▶ **Given information**:
=======

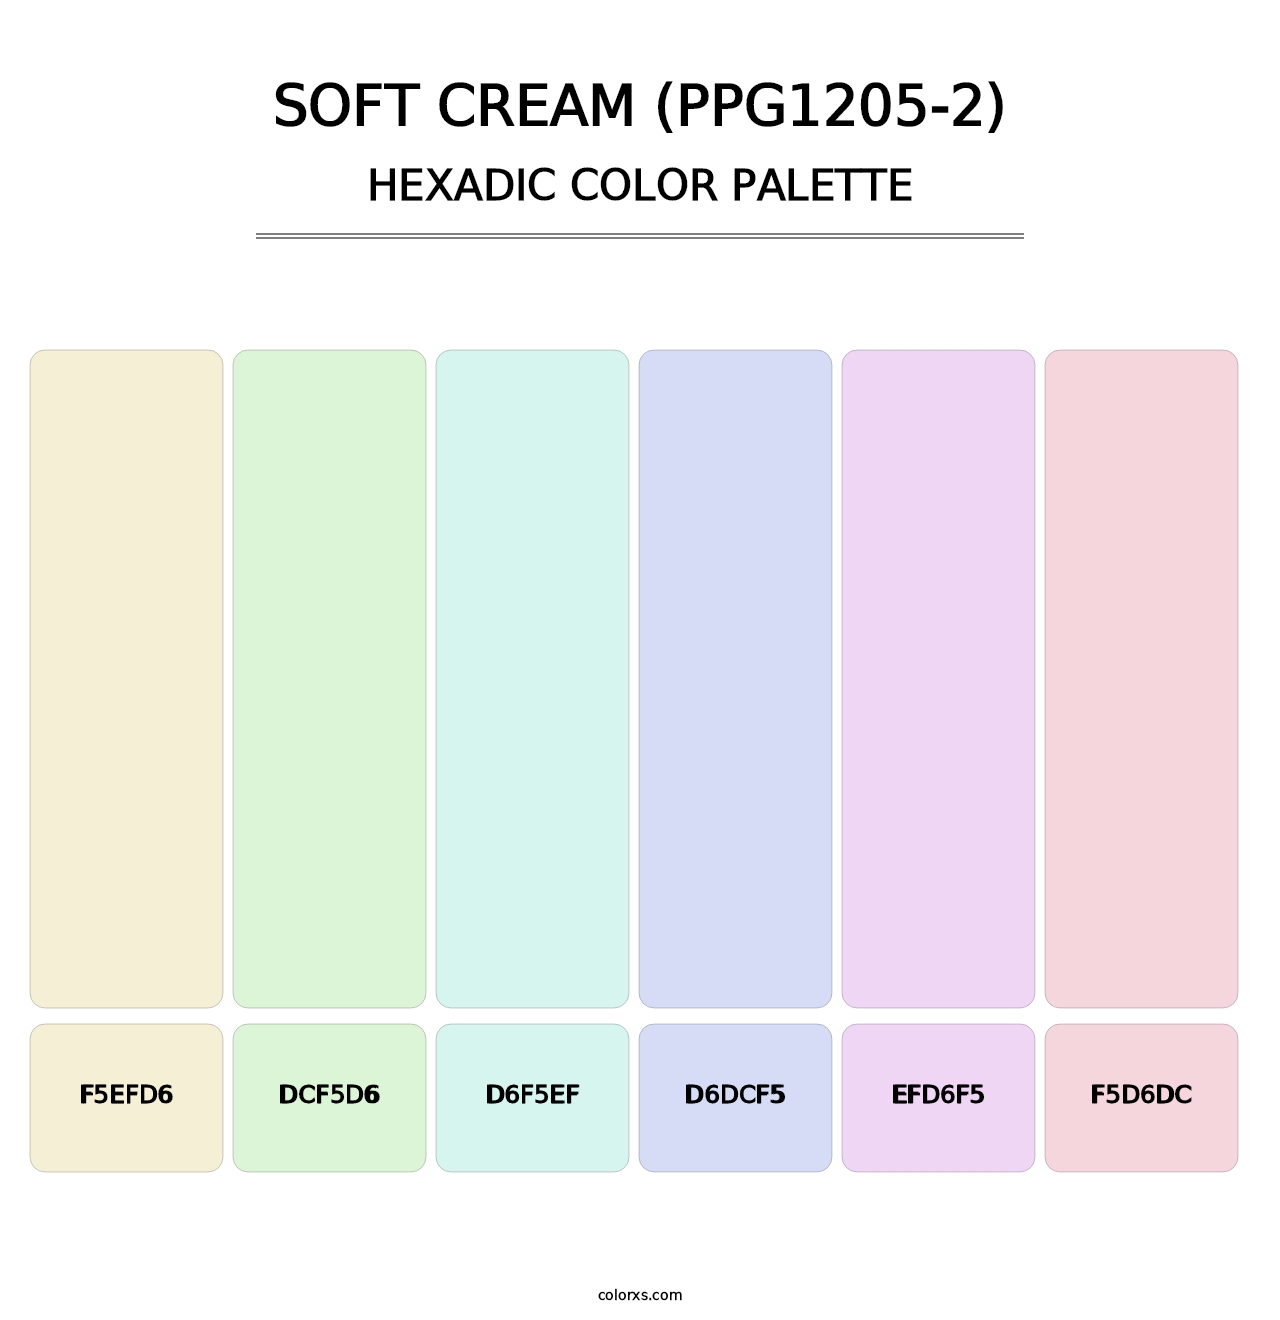 Soft Cream (PPG1205-2) - Hexadic Color Palette
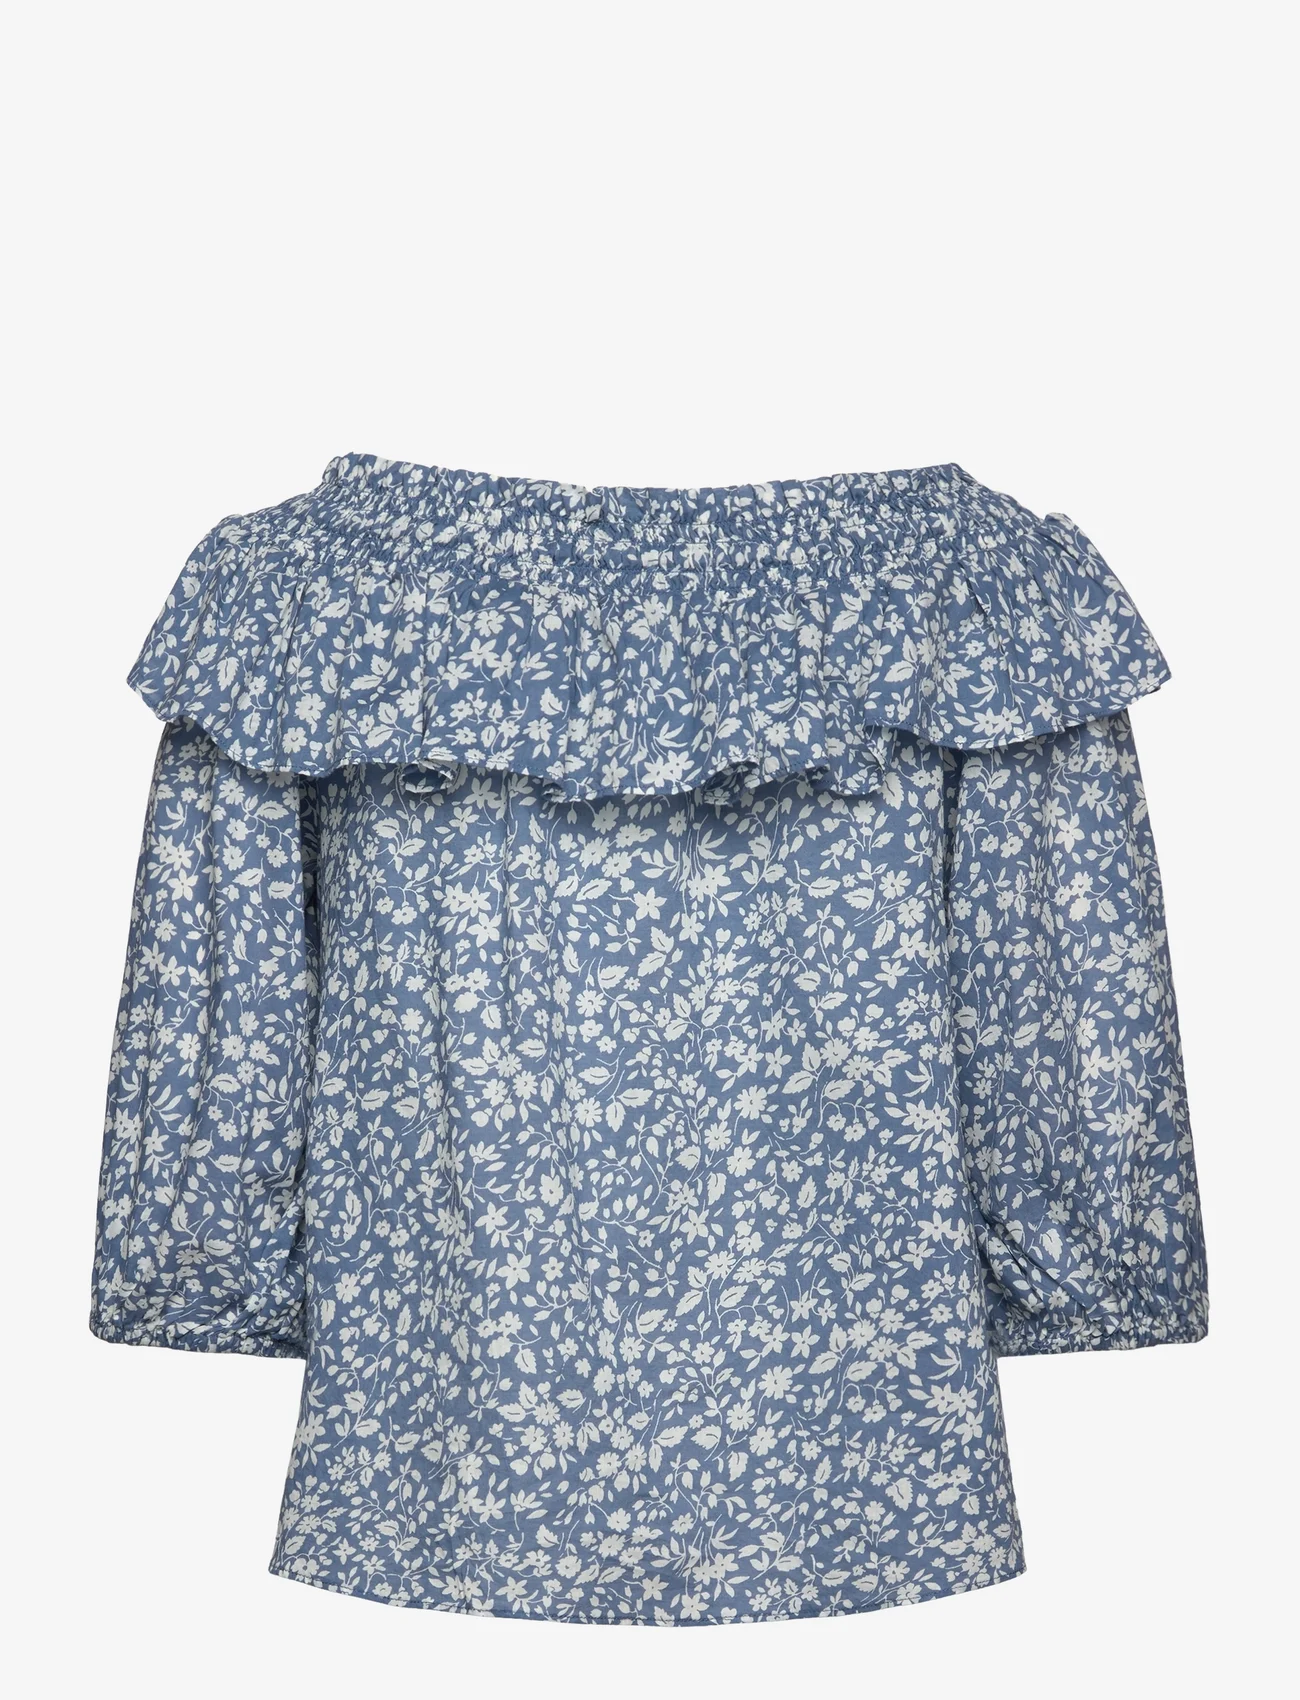 Lauren Ralph Lauren - Floral Voile Off-the-Shoulder Blouse - short-sleeved blouses - blue/cream - 1
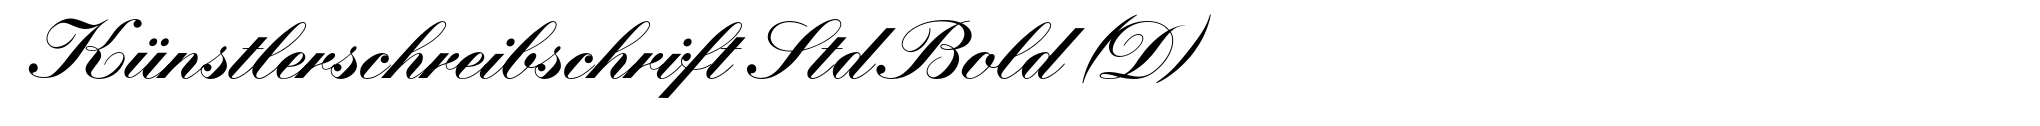 Künstlerschreibschrift Std Bold (D) image

=======

▶ **To do**: Repeat the material above exactly. Leave every picture out of it.

▶ **Solution to this exercise**:
 Soft Cream (PPG1205-2) - Hexadic Color Palette
 Lauren Ralph Lauren - Floral Voile Off-the-Shoulder Blouse - short-sleeved blouses - blue/cream - 1
 Künstlerschreibschrift Std Bold (D) image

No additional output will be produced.